Just as they were ready to go, a roar was heard. The mountain trembled, and the dragon appeared breathing out fire and smoke. 

Siegfried seized the sword and sprang at the monster. The dragon breathed out fire until the rocks were red hot. 

After a long fight the dragon’s horny skin grew soft with the heat and the blows from the sword, and Siegfried hewed him to pieces. 

Dipping his finger into the melted skin, Siegfried found that it grew horny and hard like the dragon. 

Then he bathed himself in the melted skin so that no sword might cut him. But a leaf fell  between his shoulders, and one spot was left where a sword might enter. 

Within the mountain lived the dwarf Siegfried had met.
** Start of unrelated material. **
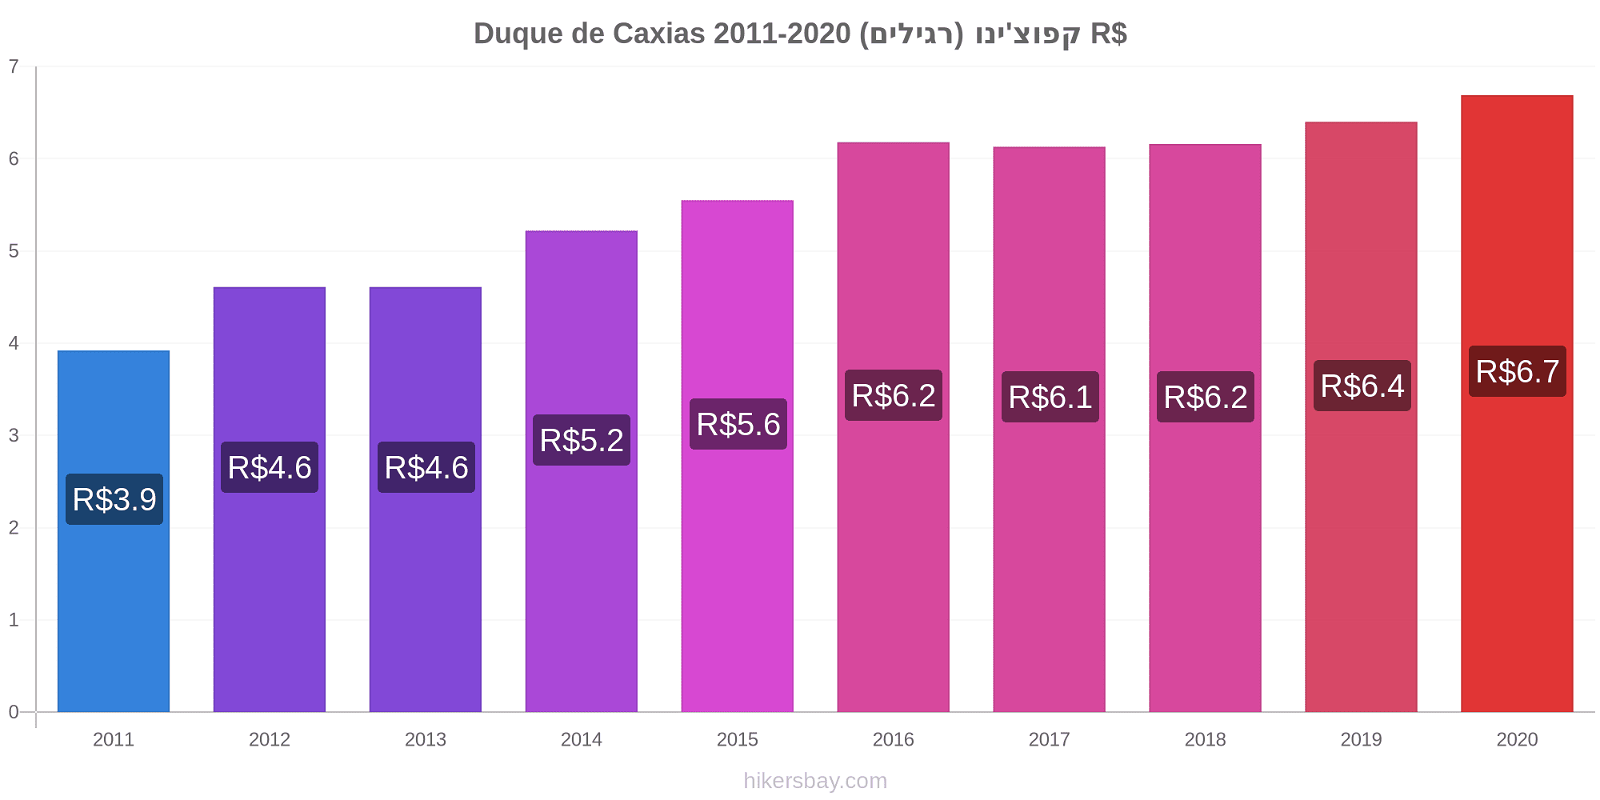 Duque de Caxias שינויי מחירים קפוצ'ינו (רגילים) hikersbay.com

With him lived his two brothers. 

While Siegfried was fighting with the dragon, the dwarfs carried out their gold. They feared that the whole mountain would be melted. 

Siegfried seized the treasure because he thought it had belonged to the dragon. This gold was called the Nibelung Hoard because it had belonged to old King Nibelung, the father of the three dwarfs. 

Siegfried took Kriemhild bach to her father’s kingdom. There he was welcomed by the king. Kriemhild was given to him as his wife.

For many years he remained there, and he became the greatest hero in the kingdom. The king’s three sons became jealous of him, but they could not kill him. because no sword could pierce his skin. 

Kreimhild alone knew of the spot between his shoulders. She told the secret to Hagen, her brother’s vassal, because she thought he was Siegfried’s friend and begged him to shield her husband in battle. 

Hagen told her to embroider a little cross on Siegfried’s clothing over the spot, that he might better know how to protect him. 

Then Hagen hurried to the three brothers with the tale. One of them ordered a great hunt and invited Siegfried. 

When the hunt was over they all sat upon the ground to rest. Siegfried called for water. Hagen said no water had been brought, but he knew where there was a spring. 

Then Siegfried asked to be directed to the spring. Hagen said, “I have heard that you are the swiftest runner in the land.” Siegfried replied, “Let us all run a race to the spring.” 

The others laid aside their heavy armor. Siegfried kept his on, but he reached the spring first. 

As he stooped to drink Hagen drove a spear through the little cross. Siegfried sprang up, and seizing his shield beat Hagen almost to death. Then Siegfried fell dead himself. 

Kriemhild cared nothing for the gold after Siegfried’s death. To prevent her from giving it to the poor, Hagen hid it in the Rhine, and no man ever saw it again.